Fig. 7. be polyclonal antibody treatment group, the heart of control antibodies group and physiological saline group mouse, liver, spleen, the HE photo of lung and kidney, from figure, we can find out, give polyclonal antibody group mouse compared with control group mice, main organs does not have obvious pathological change.
Fig. 8. being polyclonal antibody analyzes the MTT of normal mouse boosting cell, and from figure, we can find out that polyclonal antibody is basically identical for the splenocyte effect of normal mouse and physiological saline and control antibodies treatment effect, do not show any cytotoxic effect.
Embodiment
Below in conjunction with accompanying drawing, by embodiment, the present invention is further elaborated.
Clone and animal
Myeloma cell line (mouse MPC-11 or people ARH-77) is purchased from U.S. ATCC (American TyPe Culture Collection).
6-8 age in week, female BALB/c mouse and new zealand white rabbit came from Sichuan University's West China Experimental Animal Center;
6-8 age in week, female SCID mouse came from Nanjing University's model animal center.
Main agents
Mabselect filler: purchased from U.S. GE (general) company.
Hoechest dyestuff: purchased from German Hearst (Hoechst) company.
Poly-lysine: purchased from U.S. Sigma (Sigma) company.
Protein molecular weight standard product: purchased from Canadian MBI Fermentas (rich enzyme safe this) company.
Quantification of protein reagent (protein assay) is purchased from U.S. Bio-Rad (Bole) company.
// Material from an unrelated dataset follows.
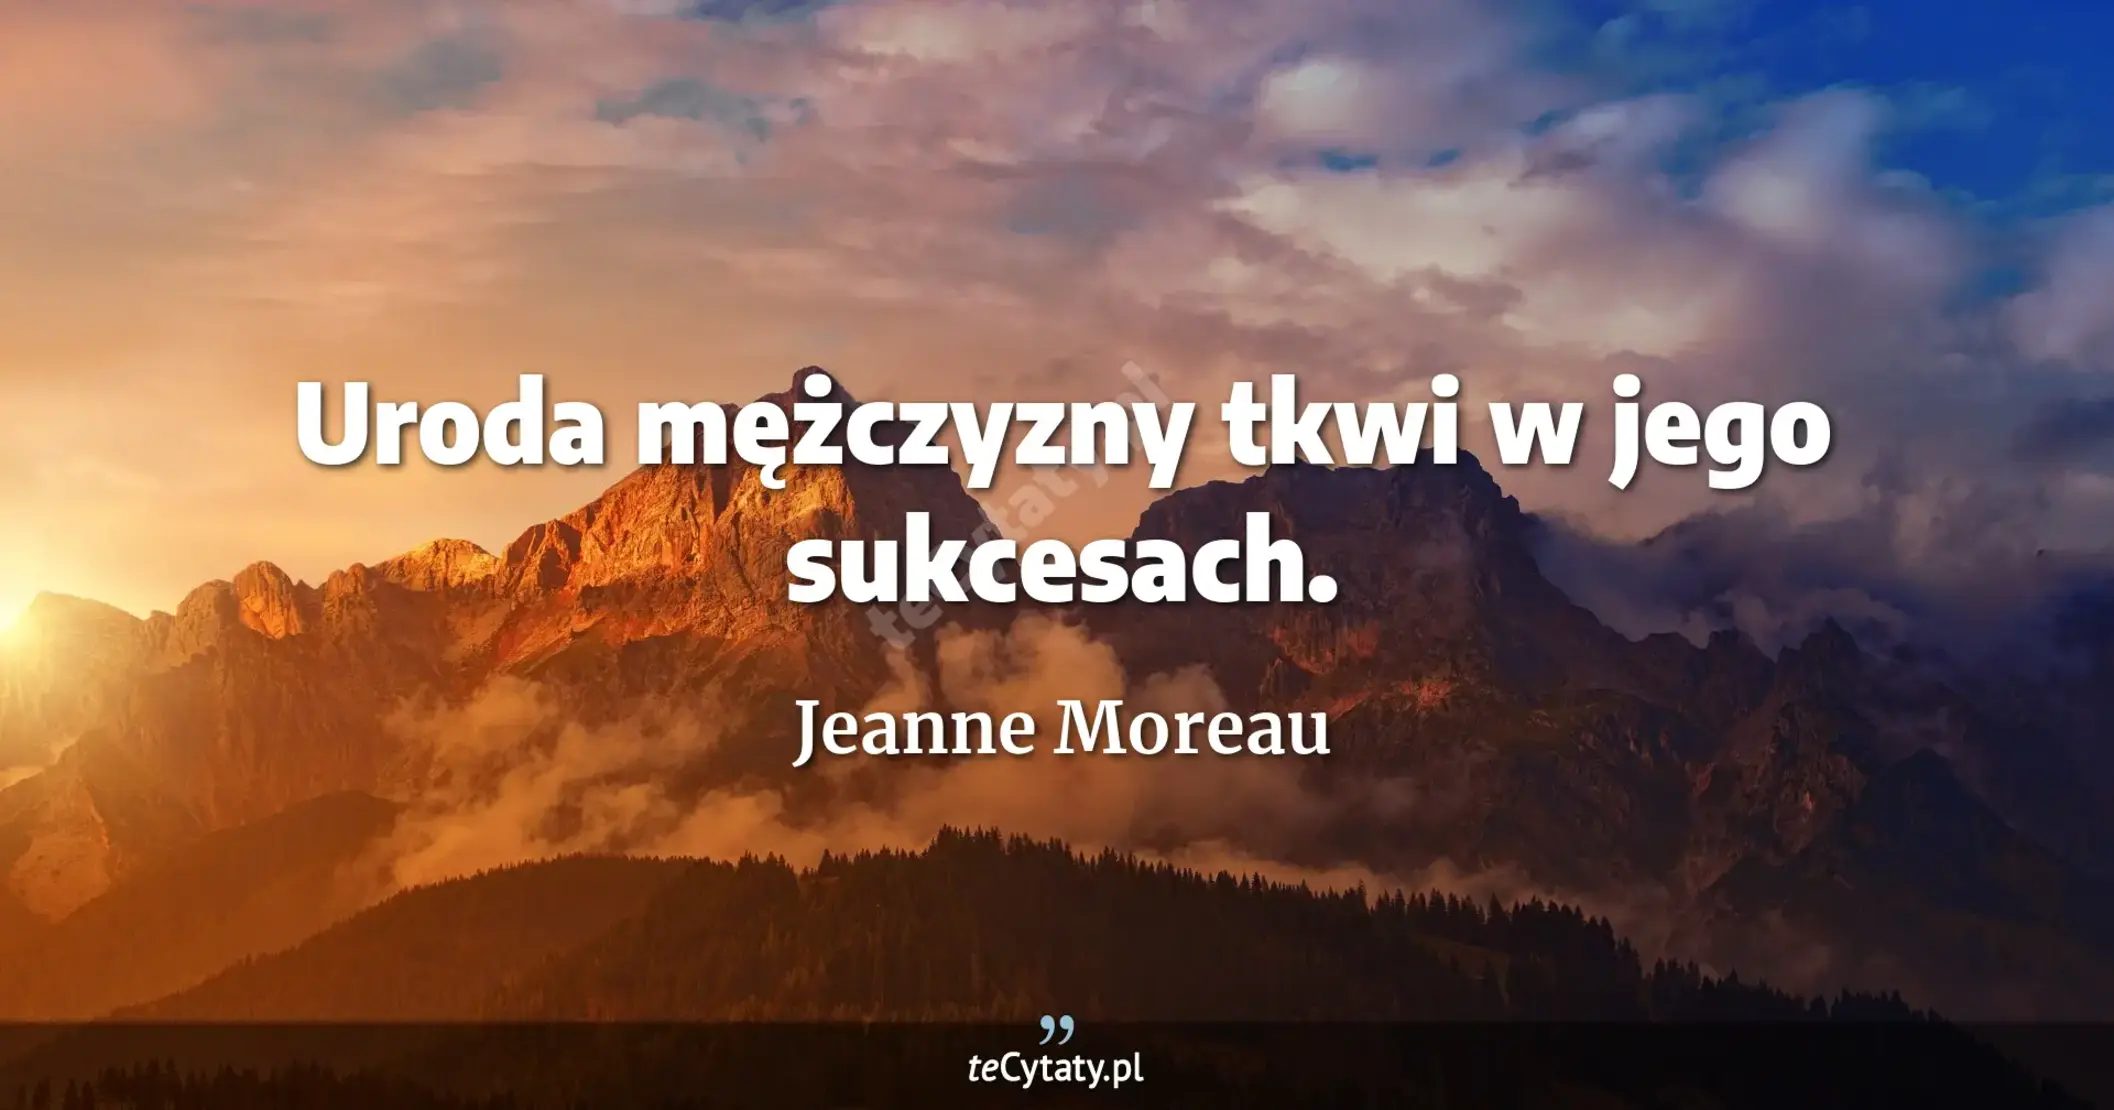 Uroda mężczyzny tkwi w jego sukcesach. - Jeanne Moreau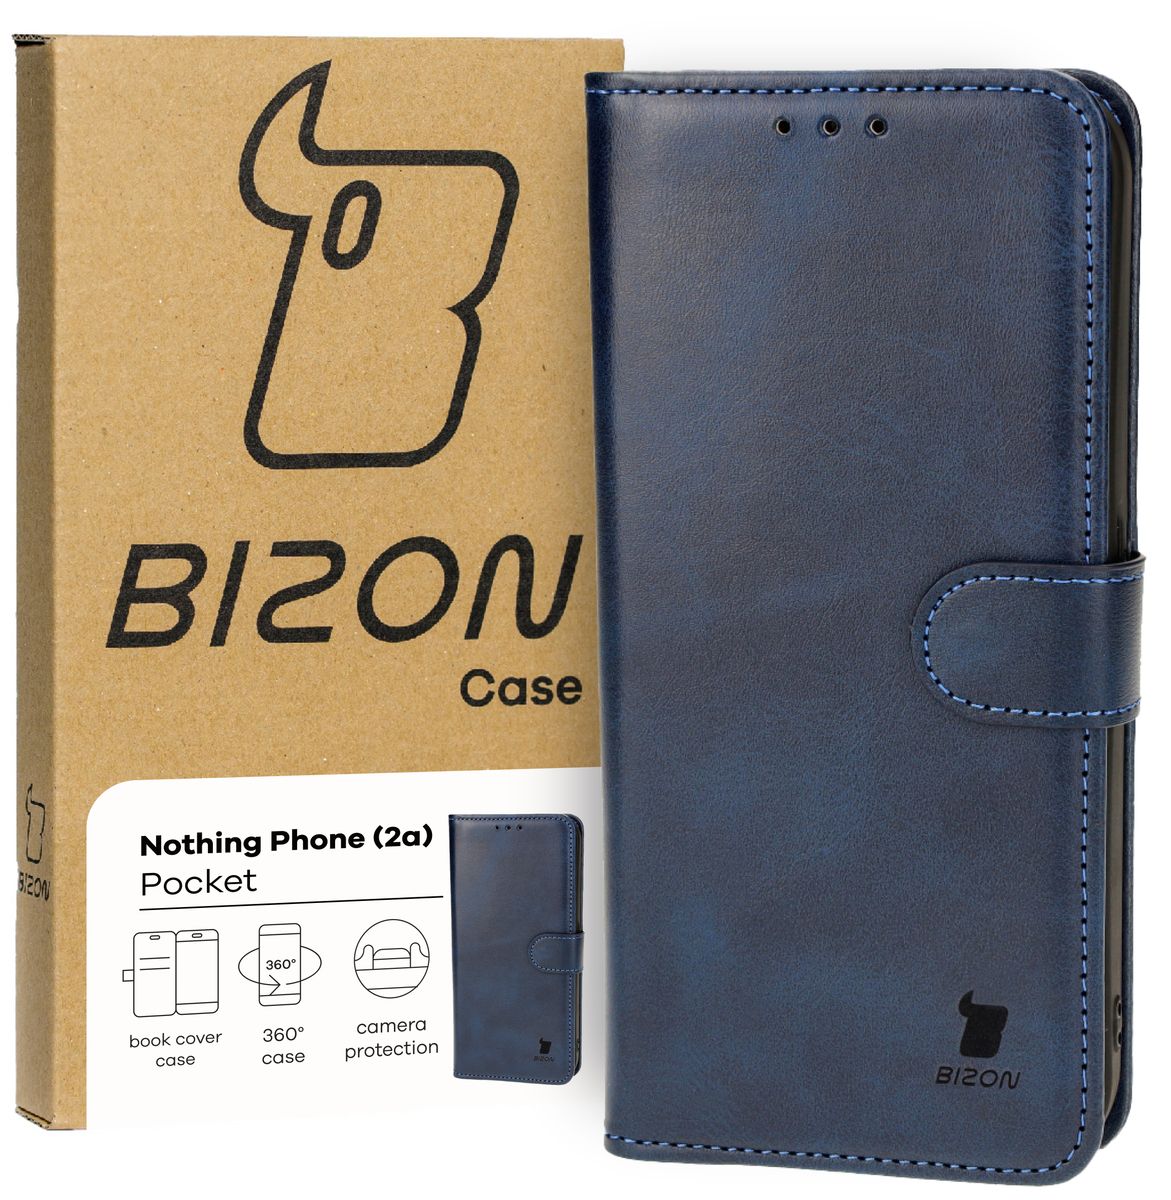 Schutzhülle für Nothing Phone (2a), Bizon Case Pocket, Dunkelblau

Poly(vinylidene fluoride) pvdf membrane: purchased from Switzerland Roche (Roche Holding Ag) company;
RPMI1640 substratum tire, bovine serum (FCS): purchased from Gibico BRL company of the U.S.;
MTT:3-(4,5-dimethylthiazol-2-yl)-2,5-diphenyl tetrazolium bromide, 3-(4,5) dimethylbenzene thiazole-2,5 biphenyl Thiazolyl blue tetrazolium bromides, purchased from U.S. Sigma (Sigma) company;
The goat anti-rabbit igg of horseradish peroxidase-labeled: purchased from Beijing Zhong Shan Bioisystech Co., Ltd, import packing;
FITC mark goat anti-rabbit igg: purchased from Beijing Zhong Shan Bioisystech Co., Ltd, import packing;
DAB colouring reagents box: purchased from Wuhan Boster Biological Technology Co., Ltd.;
Other reagent are import or domestic analytical pure product.
Experimental instruments
Low speed centrifuge: Megaufgel.0, purchased from German Heraeus (congratulating Li Shi) company;
Supercentrifuge: eentriufge5415C, purchased from German Eppendorf (Ai Bende) company;
High speed low temperature centrifugal machine: Biofuge28RS, purchased from German Heraeus (congratulating Li Shi) company;
Ultralow Temperature Freezer (80 ℃): purchased from Japanese Sanyo (Sanyo) company;
Constant incubator: purchased from Japanese Sanyo (Sanyo) company;
Pure water instrument: EASYPure UF07412, purchased from Millipore company (Mi Libo, the U.S.);
High-pressure sterilizing pot: LaboAut ℃ lave, purchased from Sanyo company (Sanyo, Japan);
Vertical electrophoresis system: MiniPROTEAN2 & 3Cell, purchased from U.S. Bio-Rad (Bole) company;
Inverted microscope: Lx50 Olympus, purchased from Japanese Olympus (Olympus) company;
Protein purification system:
explorer, purchased from U.S. GE (general) company.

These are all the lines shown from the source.